The biggest problem with many of these technologies is that they are geared toward replicating petroleum or toward substituting something like hydrogen for petroluem. The intent is really to replace Big Oil as our supplier but keep us mostly dependent on one primary source of energy -- them.

If we are to have a Manhattan-style public investment, let it be in an electric infrastructure that can be tapped into by a variety of energy producers. There are a lot of great ideas being explored and experiments being made to produce energy. It is too soon to pick one over another to throw money at.
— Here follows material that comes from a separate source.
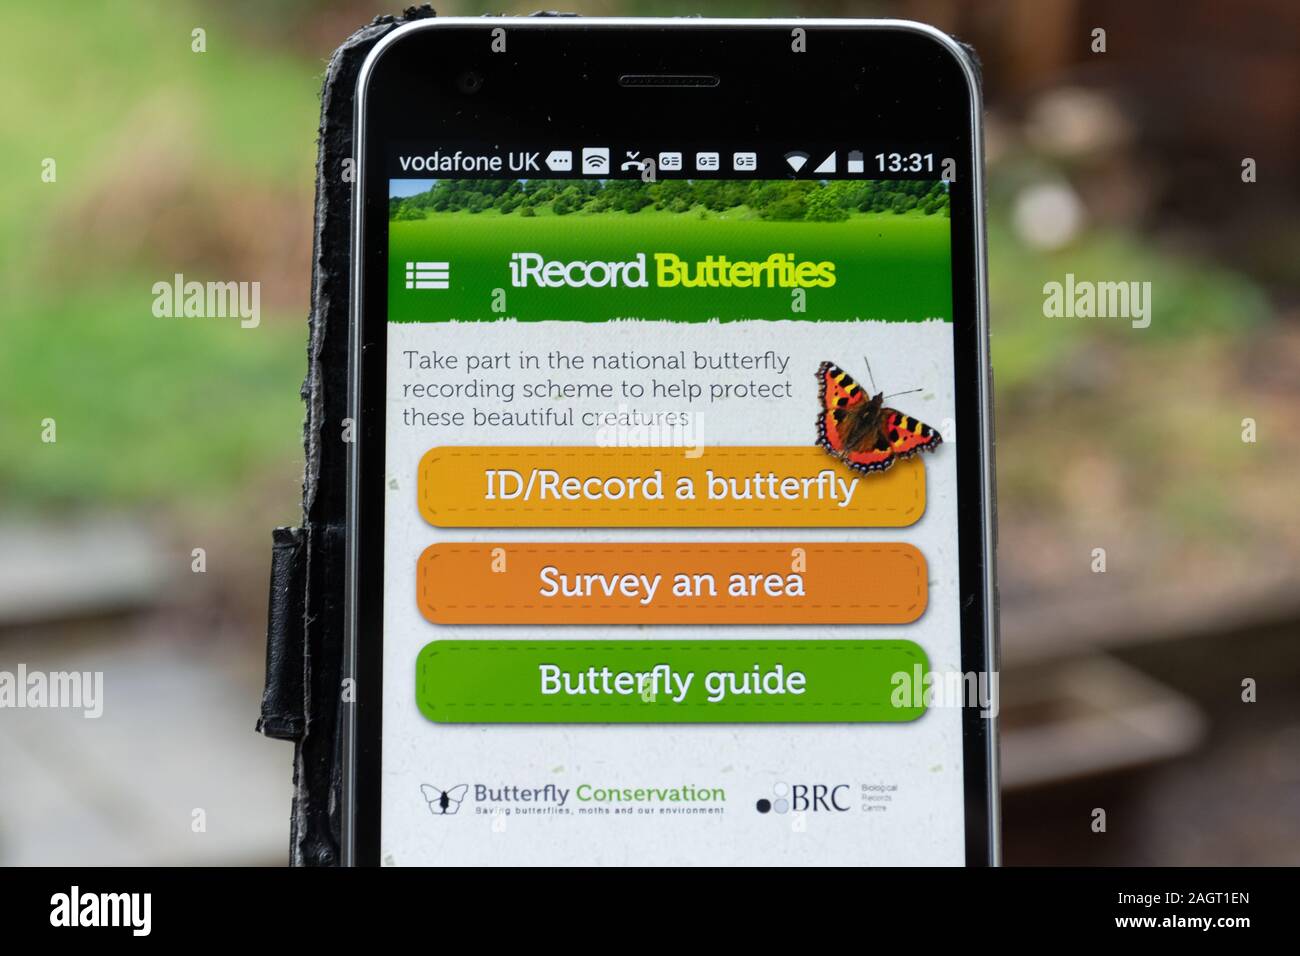 iRecord butterflies app on a mobile phone, for identification and recording of butterflies (wildlife), UK Stock Photo

We can help best at the macro level by providing a producer-consumer delivery system.

...makes me think that 'clearthinker' is one of those petro-industry game-killers.

He dismisses Zubrin, who advocates a path (alcohol as replacement vehicle fuel) that has already been blazed by Brazil, as a optimist looking to sell magazines. No discussion of the actual merits of the argument, just an ad hominem attack. 'clearthinker' describes "hyperbolic" Zubrin's Mars Direct ideas as "far out sci-fi fantasies" and he compares the guy to Ray Kurzweil, a pioneer of OCR technology, who dares to speculate about the future apparently in contradiction to his own dreams of... what? Kool-aid?

Maybe his avatar reveals the ultimate truth about 'clearthinker'; he's had his pitcher already, and now he's trying to tell us we have no other choice but to drink deeply.

No thanks. It may be that Zubrin and Kurzweil are idealists whose ideas about technological solutions to real problems won't work. Or it could be that they are Goddard and Gutenberg for our times, whose pursuit of solutions will lead us down paths no one can foresee. Until they are otherwise proven, I'm gonna give them the benefit of the doubt, because they are working on answers.